WHAT IS BEING ASKED: Word for word and without images, reproduce the listing that follows.

DATA BLOCK:
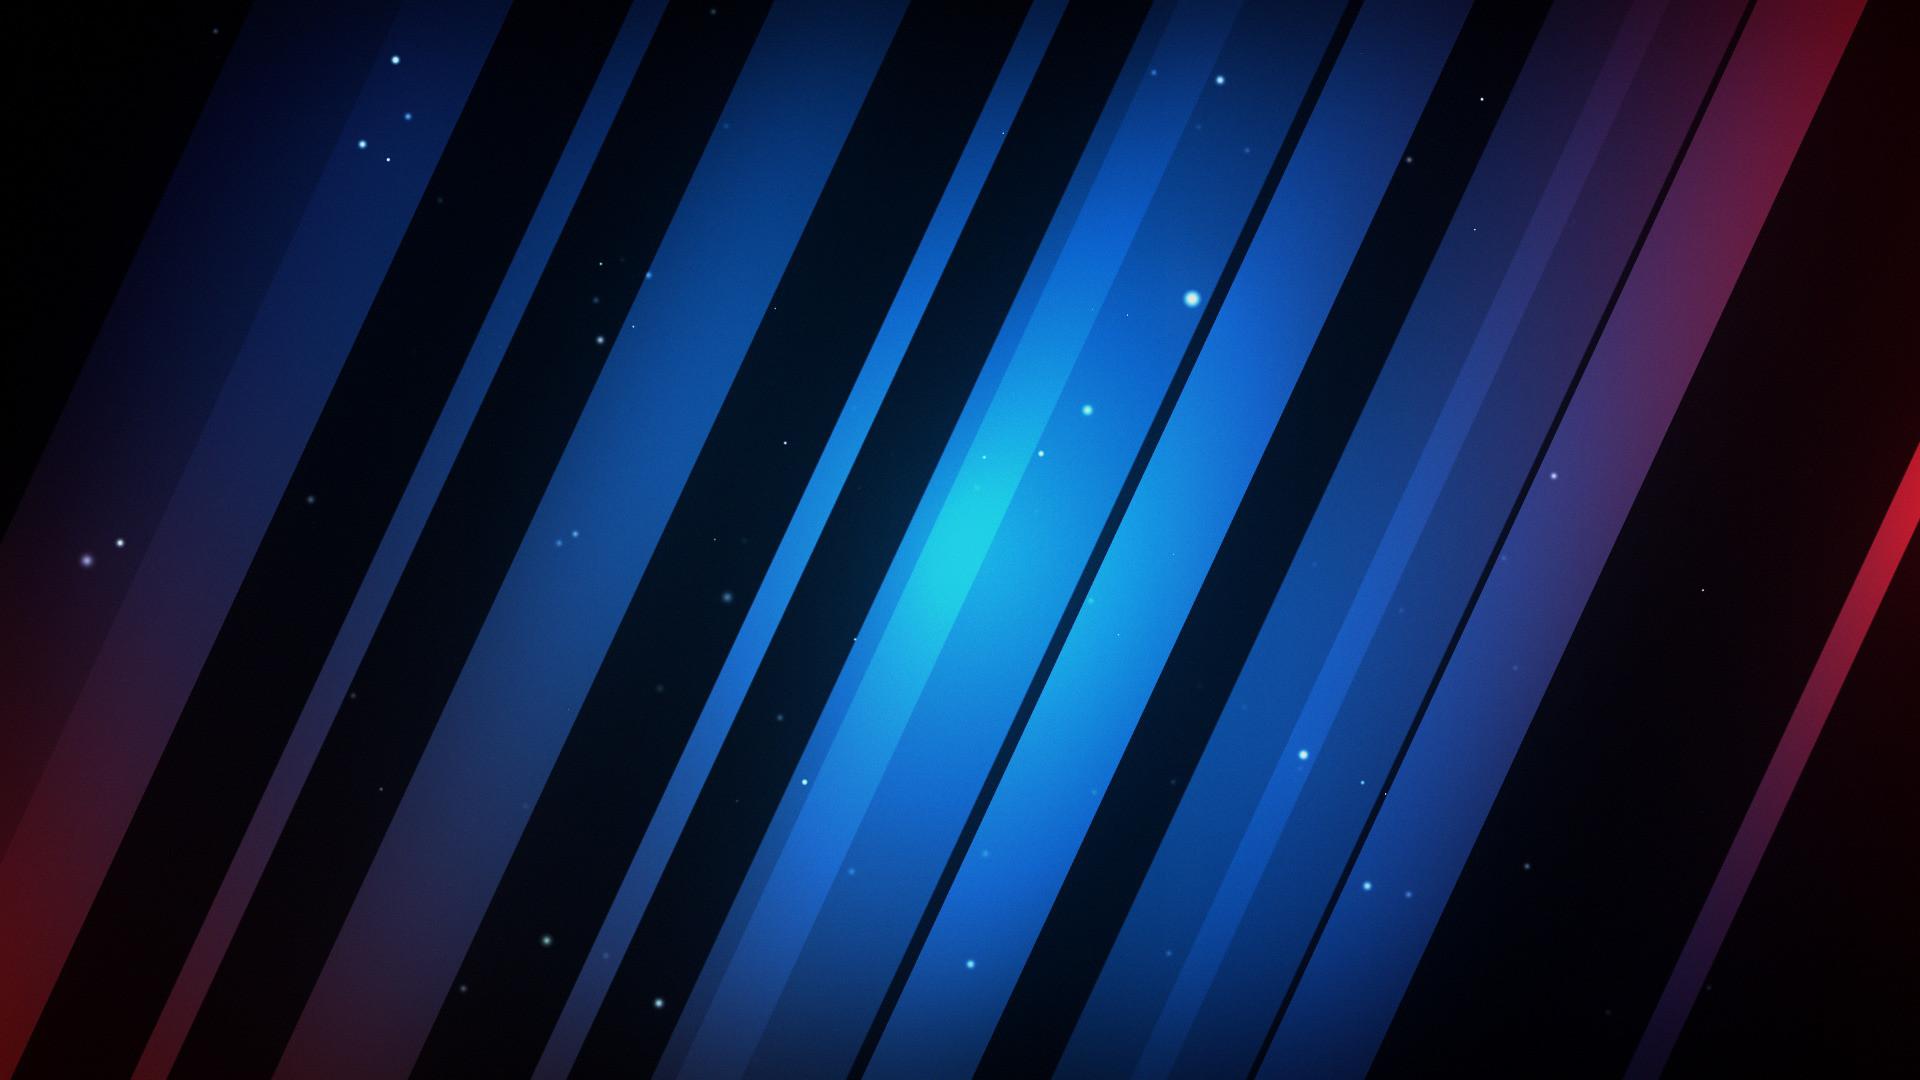 Dark blue stripes
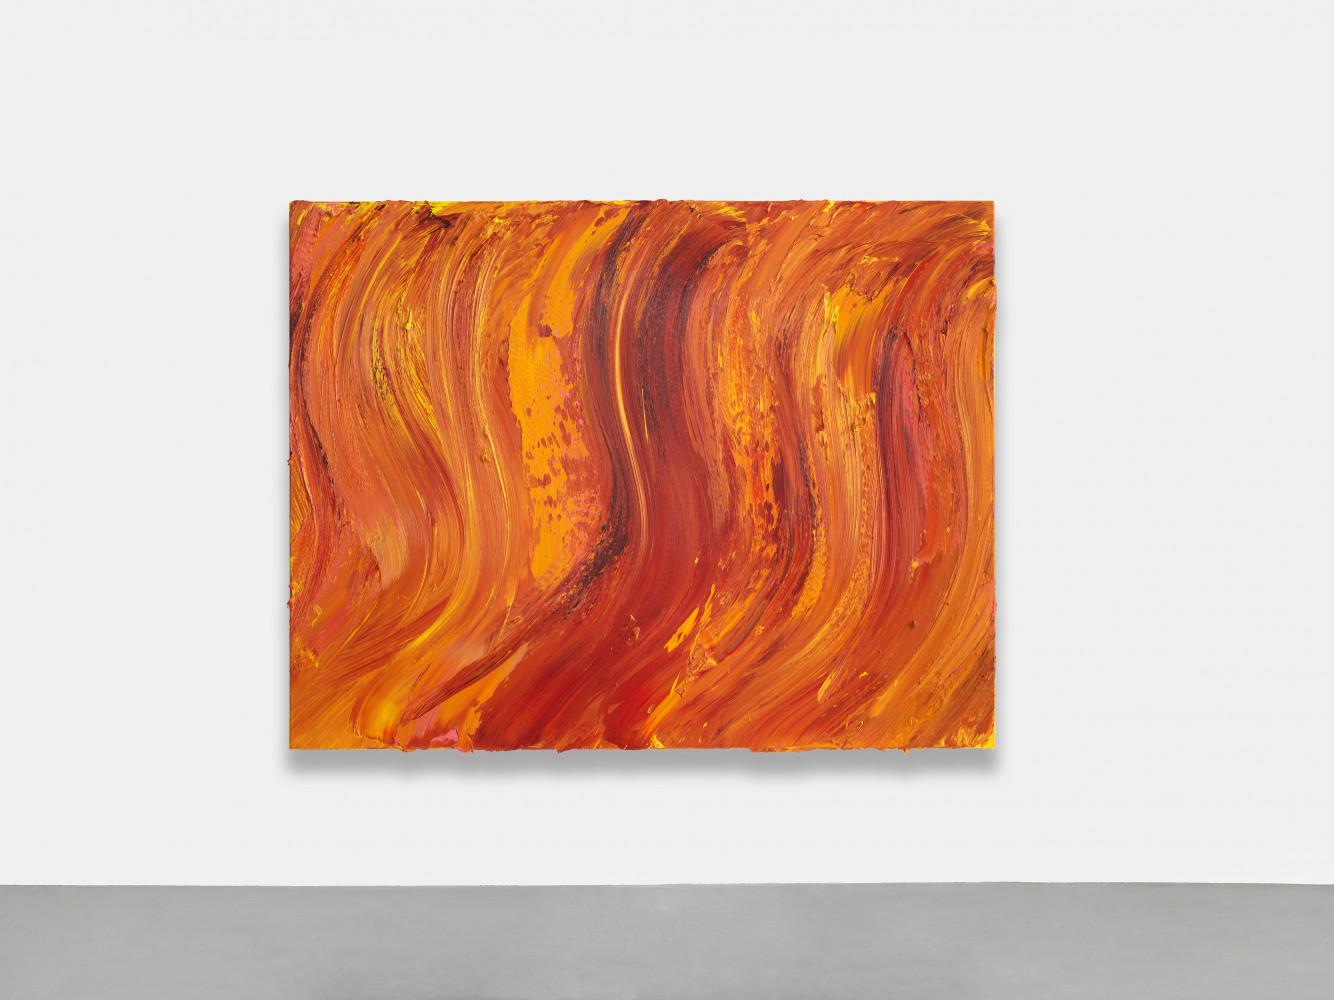 Jason Martin, 'Untitled (Old Holland gold lake / Permanent yellow light / Scarlet lake extra)', 2020
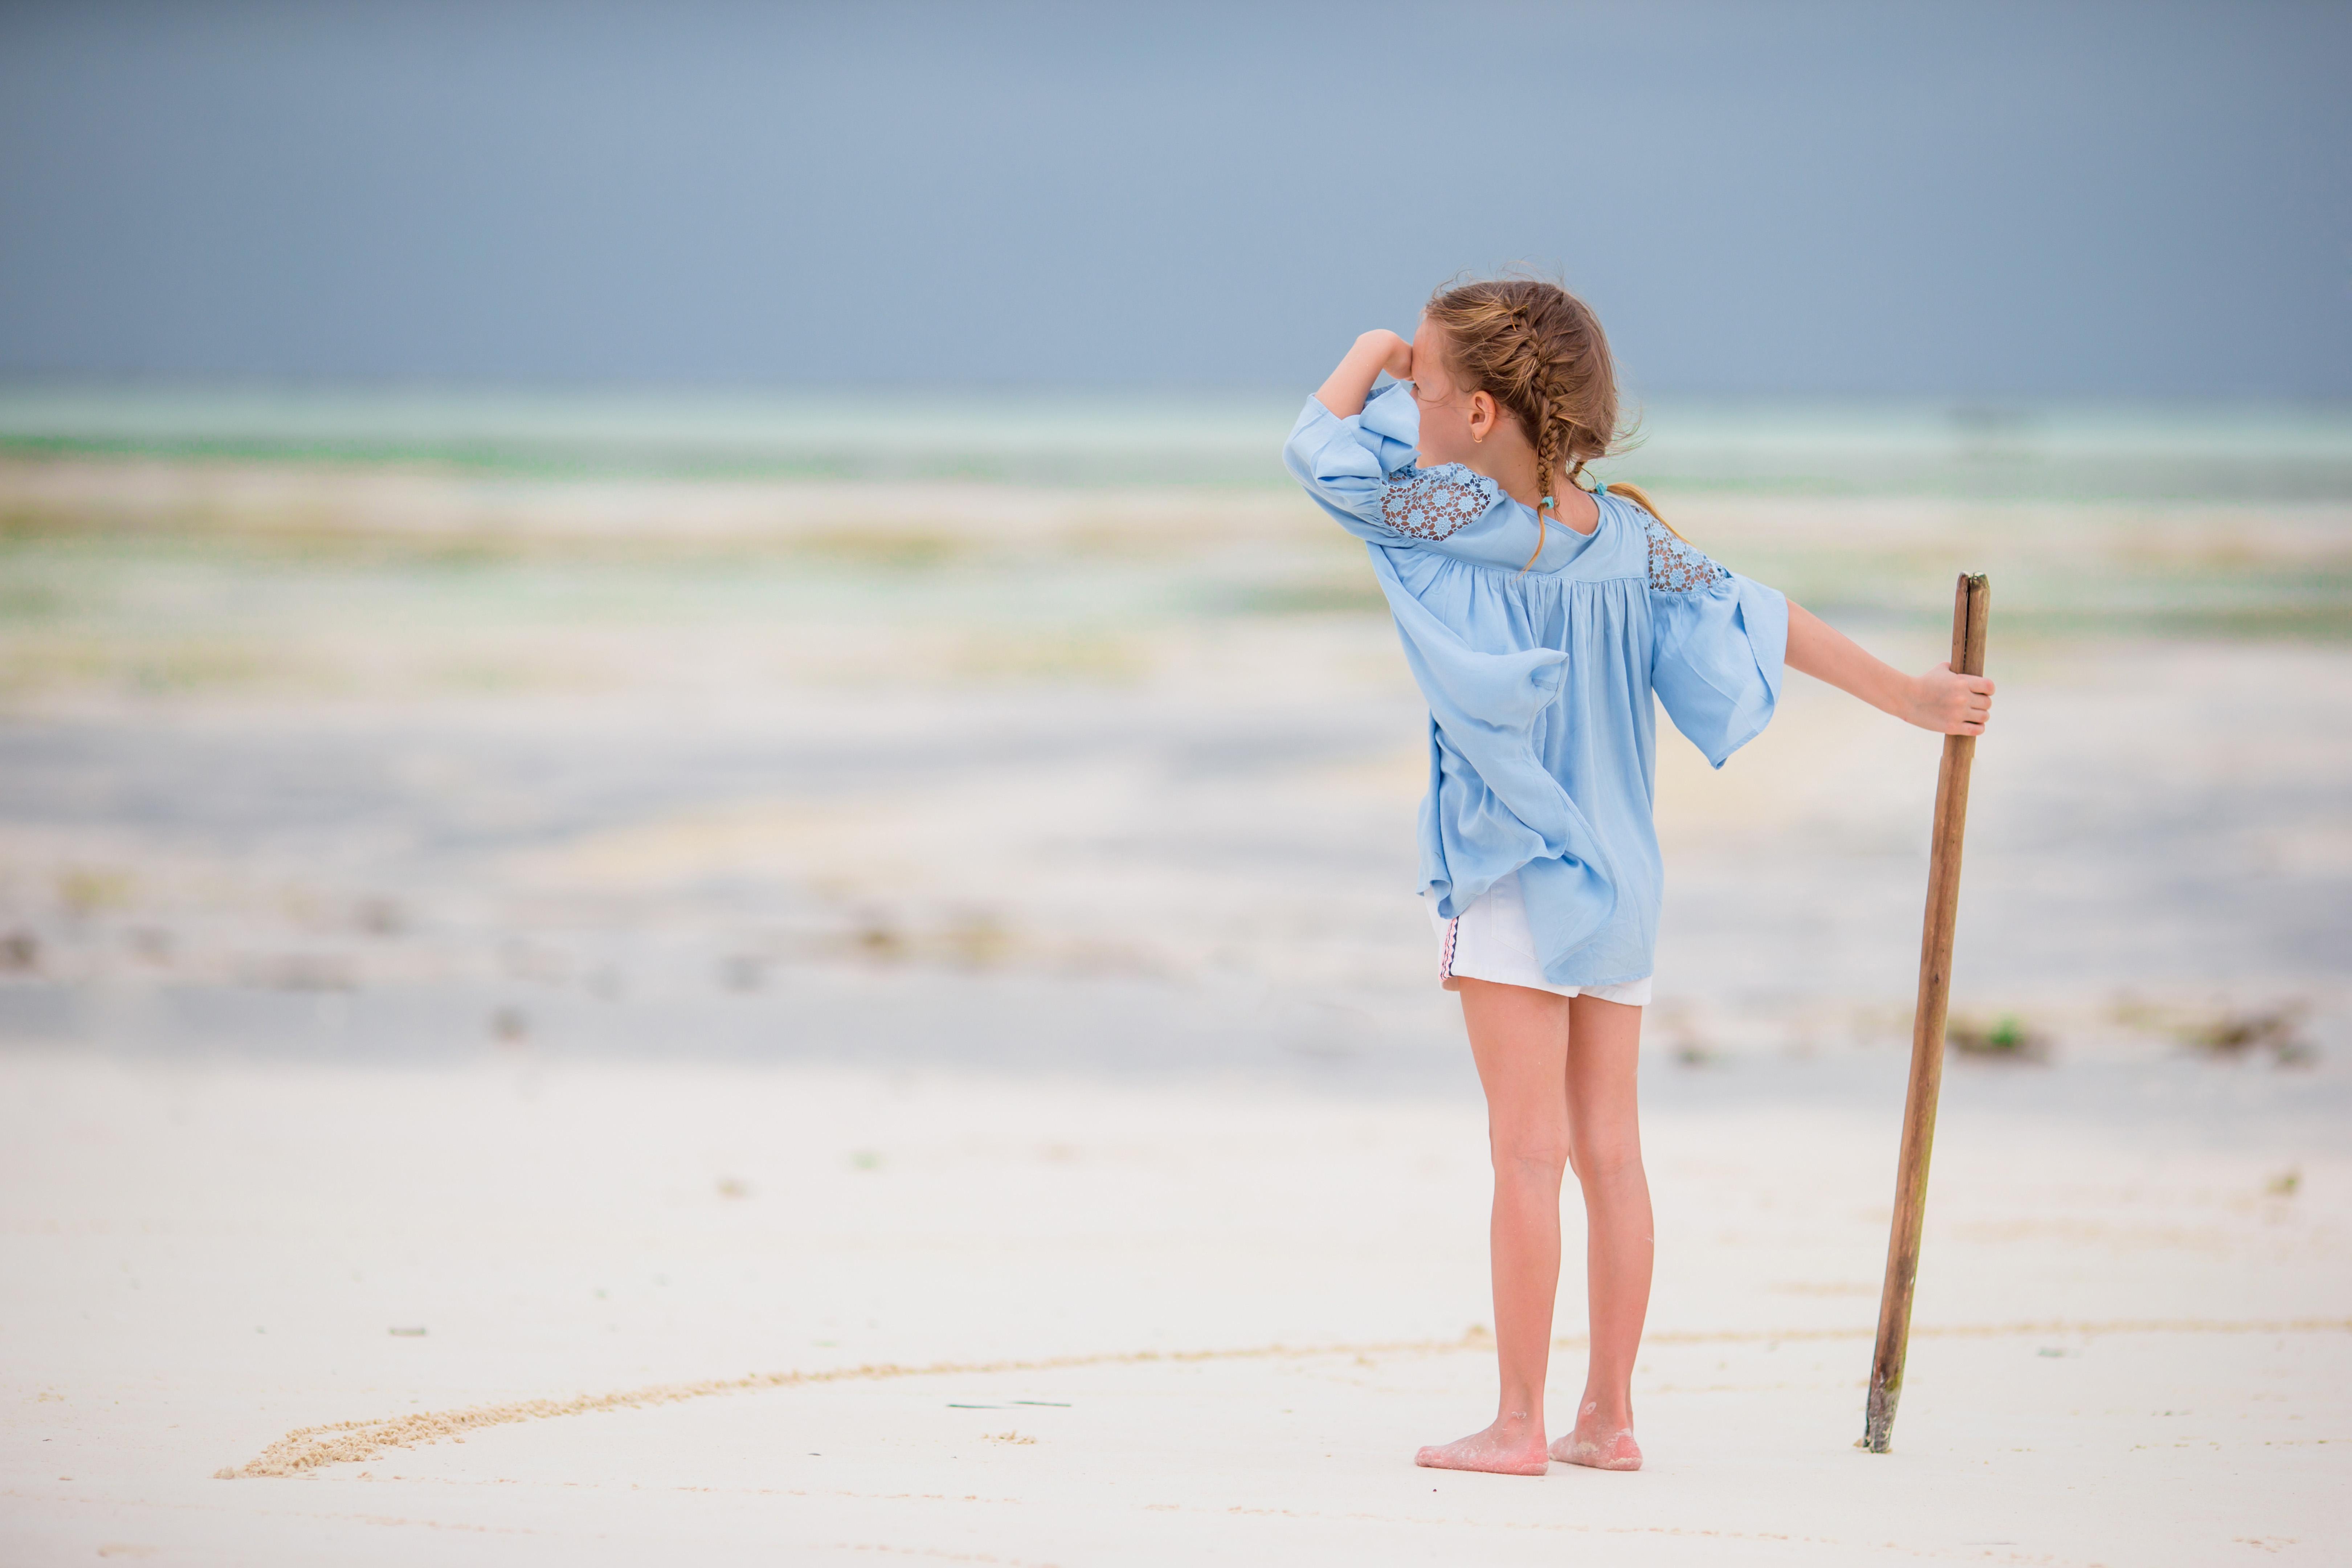 Adorable little girl on beach vacation having fun

RESPONSE AREA:
 Dark blue stripes
 Jason Martin, 'Untitled (Old Holland gold lake / Permanent yellow light / Scarlet lake extra)', 2020
 Adorable little girl on beach vacation having fun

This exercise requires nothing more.